In contrast, many slower swimmers will have sinky legs that create drag and raise the head and chest too high i.e. creating an incline from head to toe rather than a flat streamlined position. Not convinced? Try strapping your ankles together with a large rubber band and you will soon notice the effect!
Freestyle Rotation, Balance, and Stroke Timing
Kicking is an essential component of rotating your body. Without kicking you will tend to drive your body rotation from the shoulders, which requires more energy and ends up with you swimming ‘flatter’. In contrast, an effective kick from the hip will make rotation feel almost effortless.
That’s not to say any old kick will do here, the timing is important too. As the hand enters the water the opposite leg should kick down. I find this timing comes naturally for most people over time, at least once they have developed an effective kick. So I try not to coach it, unless there is a real problem there.

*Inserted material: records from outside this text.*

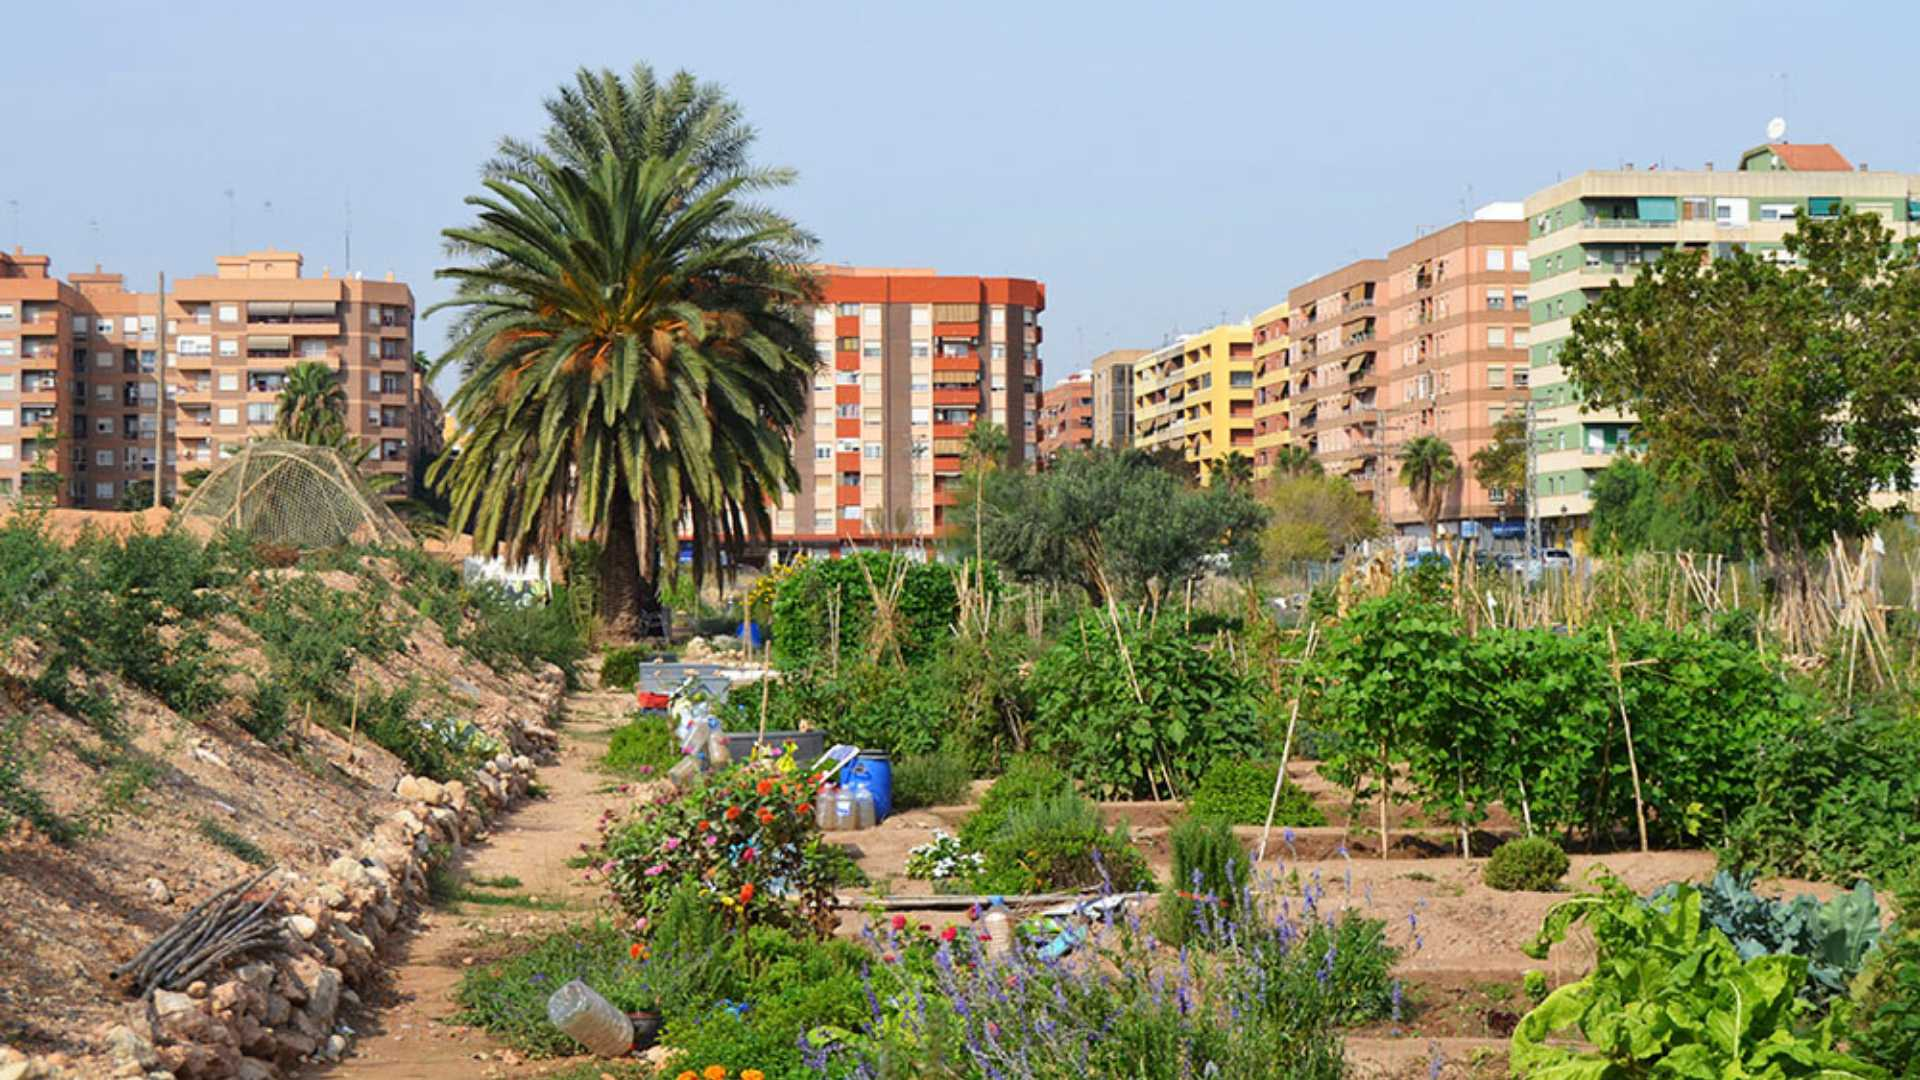 Benimaclet: poble i barri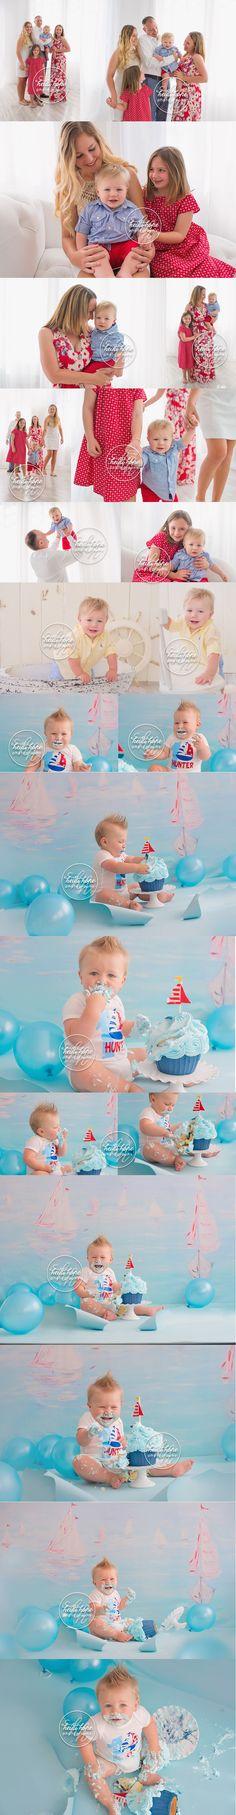 classic boy nautical cakesmash session by rhode island baby photographer heidi hope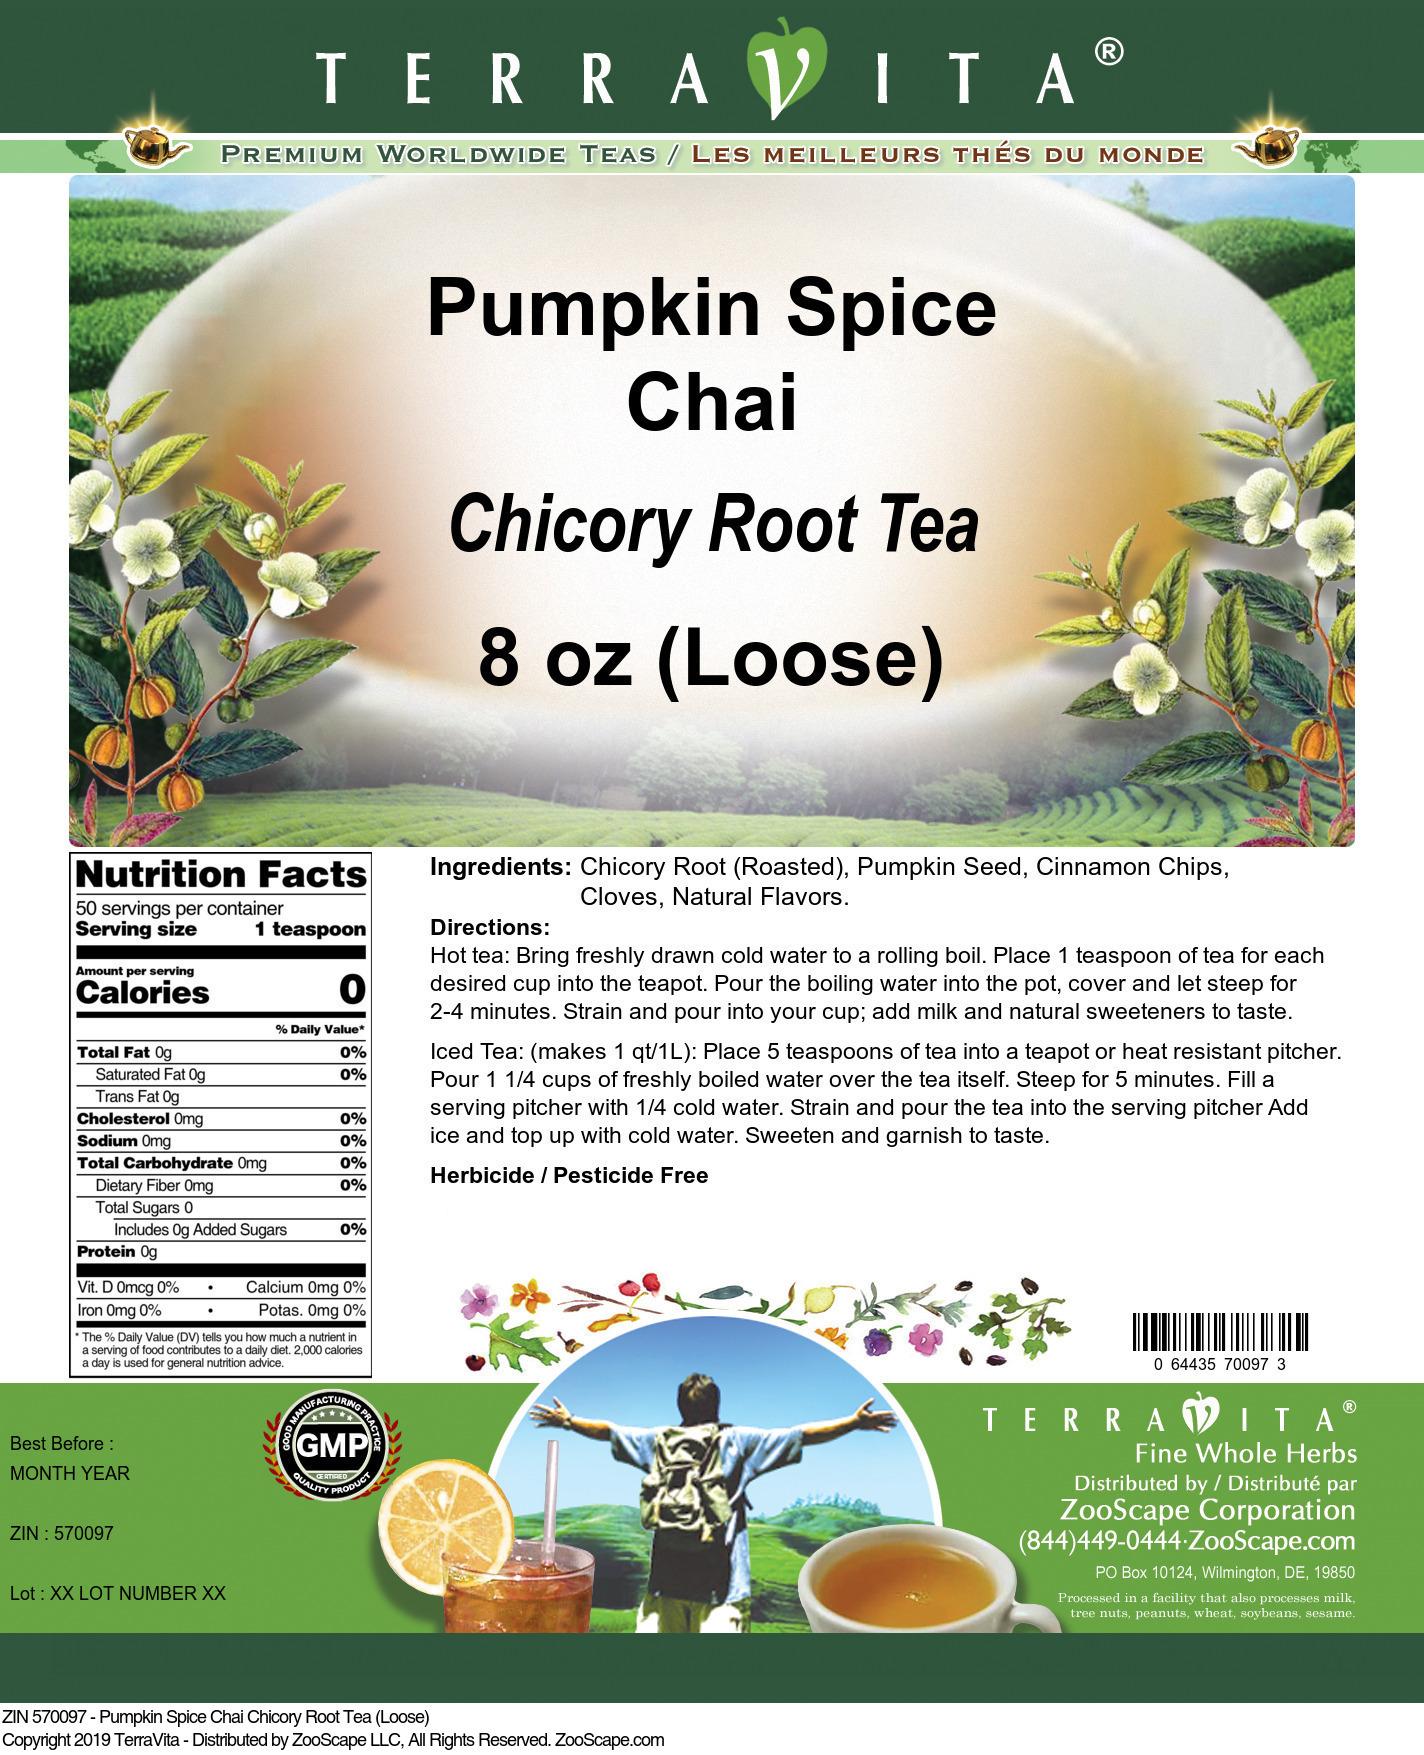 Pumpkin Spice Chai Chicory Root Tea (Loose)

The rhythmic kicking of the legs provides an important counterbalance to the arms, allowing you to rotate in a controlled manner. Without an effective kick, the swimmer can easily become unbalanced in the water and may over-rotate and lose momentum each time they breathe.
What is a Good Freestyle Kick Technique?
There are several elements to a good front crawl (freestyle) kick technique. Firstly, the toes need to be pointed so the foot is in a streamlined position.
Some triathletes, especially those from a strong running background, really struggle with this and find their feet point down and act as brakes in the water. The toes should also point inwards and may lightly brush together or at least come close.
It helps to visualize your feet as flippers, you want to maximize the surface area you can push down into the water. Also, think of your shin as an extension of your foot providing an additional surface area to push the water with (in the same way that your forearm is an extension of your hand in the catch).
The kick should come from the hips with the core engaged and a little flex in the knee. Again strong runners surfer here, often with far too much bend in the knee. The feet should remain in a relatively small area, think about kicking in a large bucket, the further you go outside of the bucket the more drag you will create.
When it comes to timing it can be either 2, 4, or 6 beats to every stroke cycle. With 2 beat and 6 beat kicks being the most used. There is no hard and fast rule here, in fact, many experienced swimmers will change their leg beat according to need.
They may use a 2 beat stroke for long-distance swims and a 6 beat when sprinting. I tend to see what my swimmers adapt naturally (most commonly a 6 beat kick) and then work with that, rather than trying to force it.
I have found on very long Open Water swims, especially in a triathlon wetsuit, I change to a 2 beat kick without even thinking about it.
How to Improve Your Freestyle Kick – The Dreaded Kick Drills
Most triathletes hate kick drills – and I mean HATE! Of late, I have been introducing more kicking into some sets, and when my athletes see the set I often get a hard Paddington stare right back at me! But I am persevering, little and often is the mantra here with a few lengths kick in each set
These are my top 3 drills to improve your freestyle kick:
1. Vertical Kick
It may sound odd but a kick that doesn’t go anywhere can really help. Get in the deep end and initially support yourself on the side. Start with one leg and kick slowly with pointed toes from the hip – think ballet dancer! Then when confident, let go of the side and kick with both legs to hold yourself up. Start with 10 seconds and rest and gradually build up the time. You can vary this drill with arms up out of the water and trying to get yourself higher.
2. Torpedo Drill
This is essentially kicking underwater in a streamlined position with the head down. All swim programmes have one of these but they do vary: Swim Smooth, for example, have the arms out front, one on top of the other, Total Immersion Swimming prefer the arms in line with the shoulders, and Swimming Secrets prefers the arms by the side (oops..I may have let slip one of his secrets!).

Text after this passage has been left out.